Sharon Chan is the director of watches at Bonhams Asia. She will be in charge of the items at the autumn auctions starting September 12 to 20, including the most expensive lot, which is a Franck Muller Long Island secret watch in white gold, in the year 2010. She spoke with Andrew Sun.

I was raised in an old-fashioned Chinese family, and when I was a child, eating yum cha was the only option. Nowadays, I’m very particular about food. Being a Virgo, We’re very selective about the quality of ingredients and presentation. In my work, authenticity is paramount, as I have to be aware of where something originates from. The same is true for food.

I truly appreciate places I’ve been to for an extended period, like Ivan The Kozak (1 Parekh House, 62 Wyndham Street, Central. Tel: 2861 1193). It is a Ukrainian dining room that is styled to resemble an old-fashioned cottage, and all chairs and tables were brought in from Ukraine. The food is also traditional. My favorite dishes are the mini pierogi dumplings and the famous pork ribs.

For brunch, I am a fan of brunch at the Central Branch of Little Bao (1-3 Shin Hing Street, Central. Tel: 2818 1280). Similar to me, the chef May Chow was brought up in Canada, and she has a modern twist of Hong Kong flavors – even the décor. I often dream of the bao of pork belly.

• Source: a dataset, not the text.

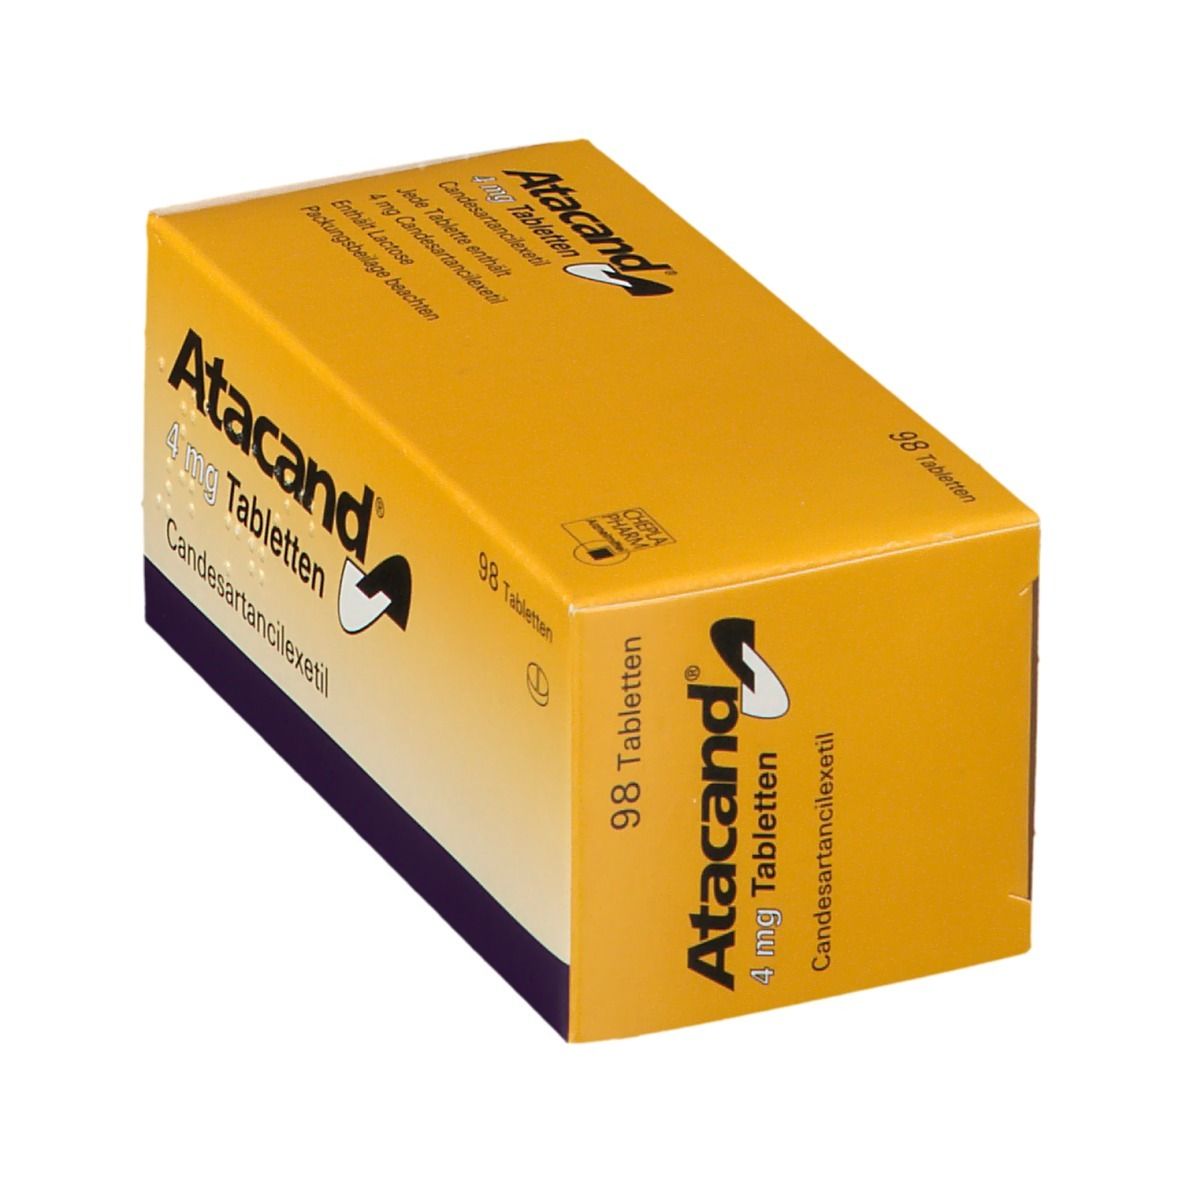 Atacand® 4 mg

The famous pork ribs from Ivan The Kozak. 

I also like the Michelin-starred Yat Tung Heen (B2, Eaton Hotel, 383, Nathan Road, Jordan. Tel: 2710 1093). It’s in a historical place, once the location of Kowloon’s very first cinema, which was The Po Hing Theatre. It has a very cinematic vibe inside the restaurant, complete with dark wooden walls and wooden paneling with dim lighting.

Its food is, however, lively. My favorite is the delicious Char Siu. The quality and design of the restaurant remind me of my favorite watch, a timeless, unique Calatrava Philippe.

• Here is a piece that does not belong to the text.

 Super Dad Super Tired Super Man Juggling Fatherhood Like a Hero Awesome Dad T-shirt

A pork belly bao is served at Little Bao. 

My foreign guests love Liu Yuan Pavilion (3/F, The Broadway, 54-62 Lockhart Road, Wan Chai. Tel: 2804 2000). This is everything that they want in the ideal Chinese dining establishment with traditional décor and delicious dishes like braised pork knuckles and, of course, Sha,nghainese pancakes.

Visitors also enjoy their seafood experience, which is why I invite guests there. Lei Yue Mun Seafood Restaurant (26-30 Hoi Pong Road West, Lei Yue Mun. Tel: 2727 2830) or Wai Lung Seafood Restaurant (17 Hoi Pong Road Central, Lei Yue Mun. Tel: 2340 1003).

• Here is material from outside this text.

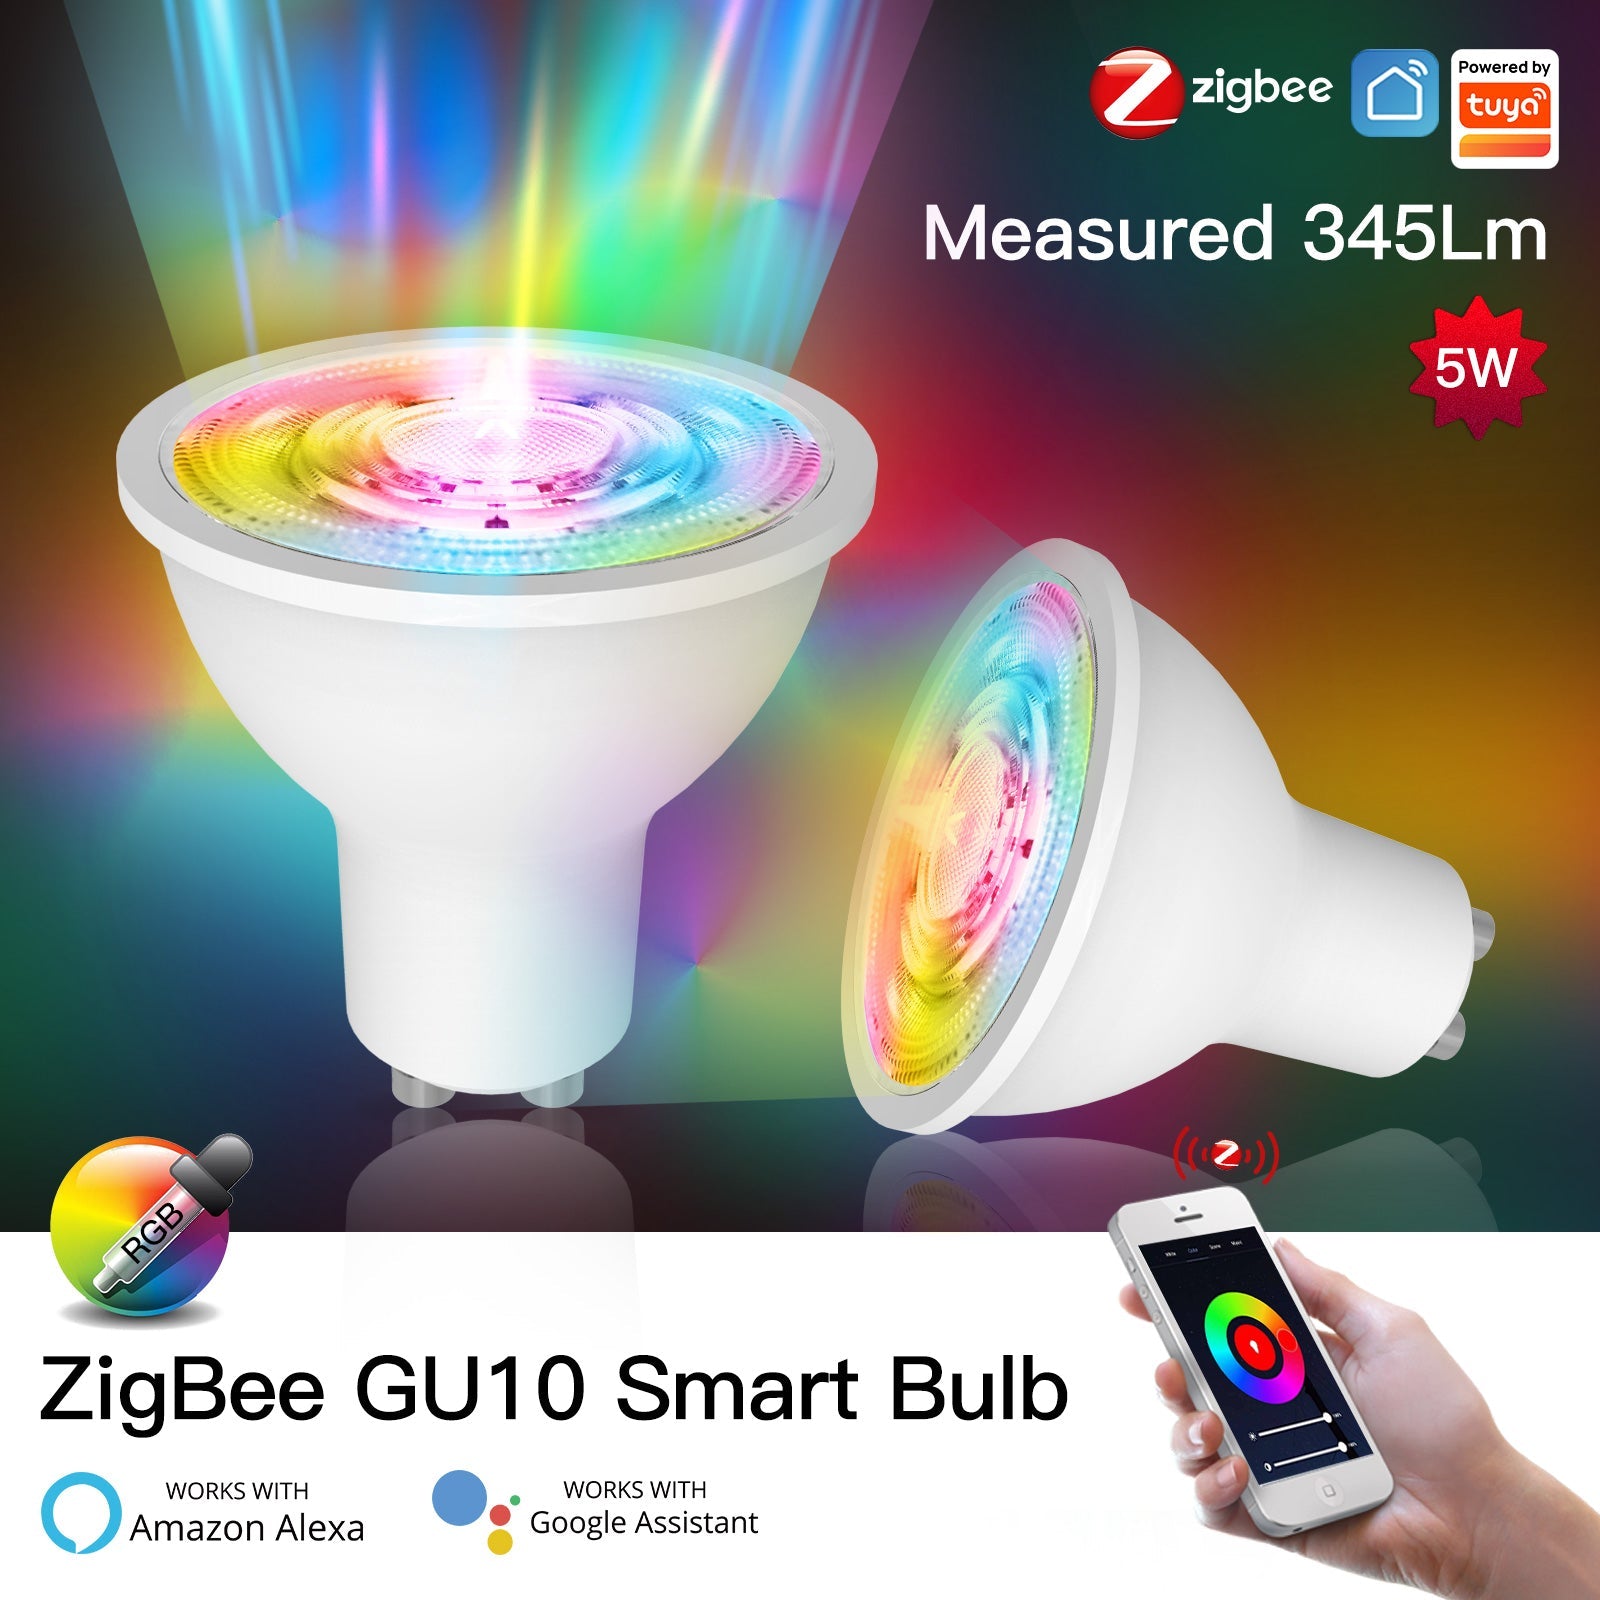 ZigBee GU10 Smart Bulb measured 345Lm - MOES

The visitors can’t stop picking what they’ll take from the tank. One tip: Get to know the personnel. They will be extremely helpful with the latest trends and will give you more fun.

Char siu at Yat Tung Heen. 

The Krug Room at Mandarin Oriental, Hong Kong. 

For those who want to splash out, The Krug Room (1/F, Mandarin Oriental Hong Kong 5 Connaught Road, Hong Kong. Telephone: 2825 4014) is elegant, exclusive, and delicious. This reminds me of an F.P. Journe Tourbillon Watch. Everything is in perfect harmony.

I frequently have the opportunity of traveling to Japan to work. There are many amazing eateries, but Bi-I (8-6 Ekimae Hommachi, Beppu, Oita 874-0934. Tel +81 80 6452 513) is one of the best. This is a true gem. Japanese owner and chef Yoshinori Ito worked for a couple of years there in Italy prior to returning to his home town, Oita. The owner bought the property after the motels went under during Covid.

It’s not an easy place to locate; however, once you walk into the restaurant, it’s as if you are eating with a family from the local area. He procures the best ingredients from the local market and then creates the omakase menu for the day.

I enjoyed every dish. However, my favourite was the fugu liver, which is one of my favorites. There are a handful of tables, so reserve your seat. It’s not a bad idea. It’s an unforgettable event.